Subscribers inherit the handle's eventfd at creation time. Use $sub->eventfd_set($fd) to set manually after creation.

Status

my $n = $sub->lag;             # messages behind
my $n = $sub->overflow_count;  # total messages lost to overflow
my $o = $sub->has_overflow;    # true if currently overflowed
my $c = $sub->cursor;         # read position
$sub->cursor($pos);           # seek
my $p = $sub->write_pos;      # publisher position

Cursor Management

$sub->reset;         # jump to latest (future messages only)
$sub->reset_oldest;  # jump to oldest available

If a subscriber falls behind by more than capacity messages, poll auto-recovers by resetting to the oldest available position. Lost messages are counted in overflow_count.

Handle Management

$ps->clear;              # reset ring to initial state
$ps->sync;               # msync to disk
$ps->unlink;             # remove backing file
Class->unlink($path);    # class method form
my $p = $ps->path;       # undef for anonymous/memfd
my $s = $ps->stats;      # diagnostic hashref

Keyword API

use Data::PubSub::Shared::Int;

ps_int_publish $ps, $value;
my $val = ps_int_poll $sub;
my $n   = ps_int_lag $sub;

Replace int with int32, int16, or str. Keywords are lexically scoped.

Crash Safety

Str mode: futex mutex with PID tracking. If a publisher dies holding the mutex, other publishers recover within 2 seconds. Int modes are lock-free and need no recovery.

BENCHMARKS

Single-process, 1M items, Linux x86_64. Run perl -Mblib bench/throughput.pl to reproduce.

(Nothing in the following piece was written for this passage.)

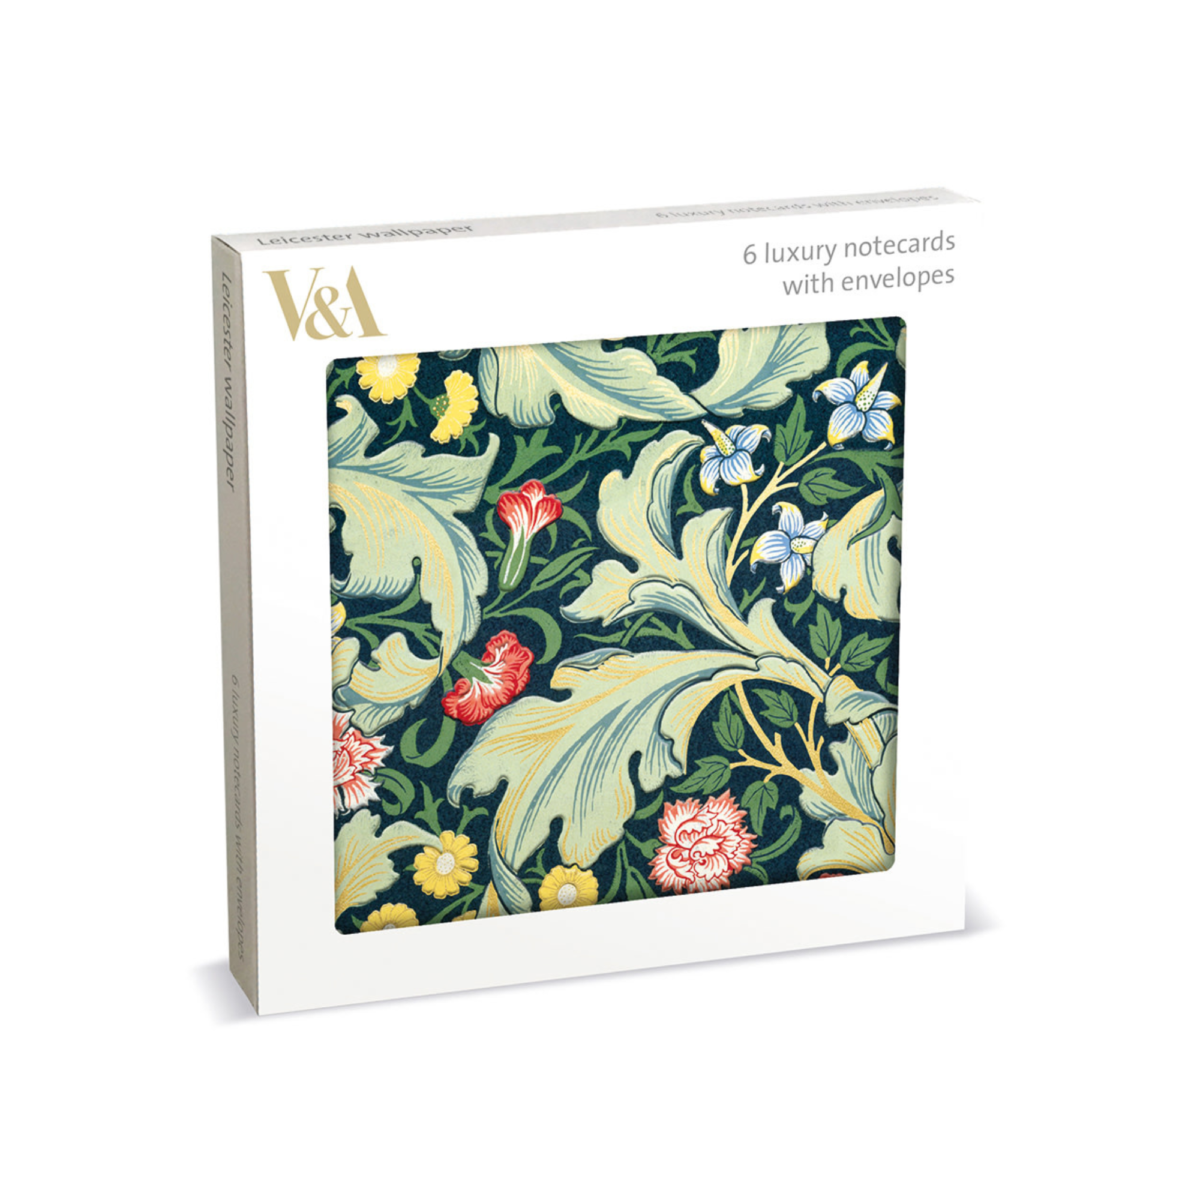 Image of Leicester Wallpaper Luxury Notecards with Envelopes

PUBLISH + POLL (interleaved)
Int     5.0M/s   (16 bytes/slot)
Int32   5.9M/s   (8 bytes/slot)
Int16   5.7M/s   (8 bytes/slot)
Str     2.5M/s   (~30B messages)

BATCH (100/batch)
Int publish_multi:    170M/s
Str publish_multi:     42M/s

Fan-out: publish throughput is independent of subscriber count.

SEE ALSO

Data::Queue::Shared, Data::Buffer::Shared, Data::HashMap::Shared

AUTHOR

vividsnow

LICENSE

This is free software; you can redistribute it and/or modify it under the same terms as Perl itself.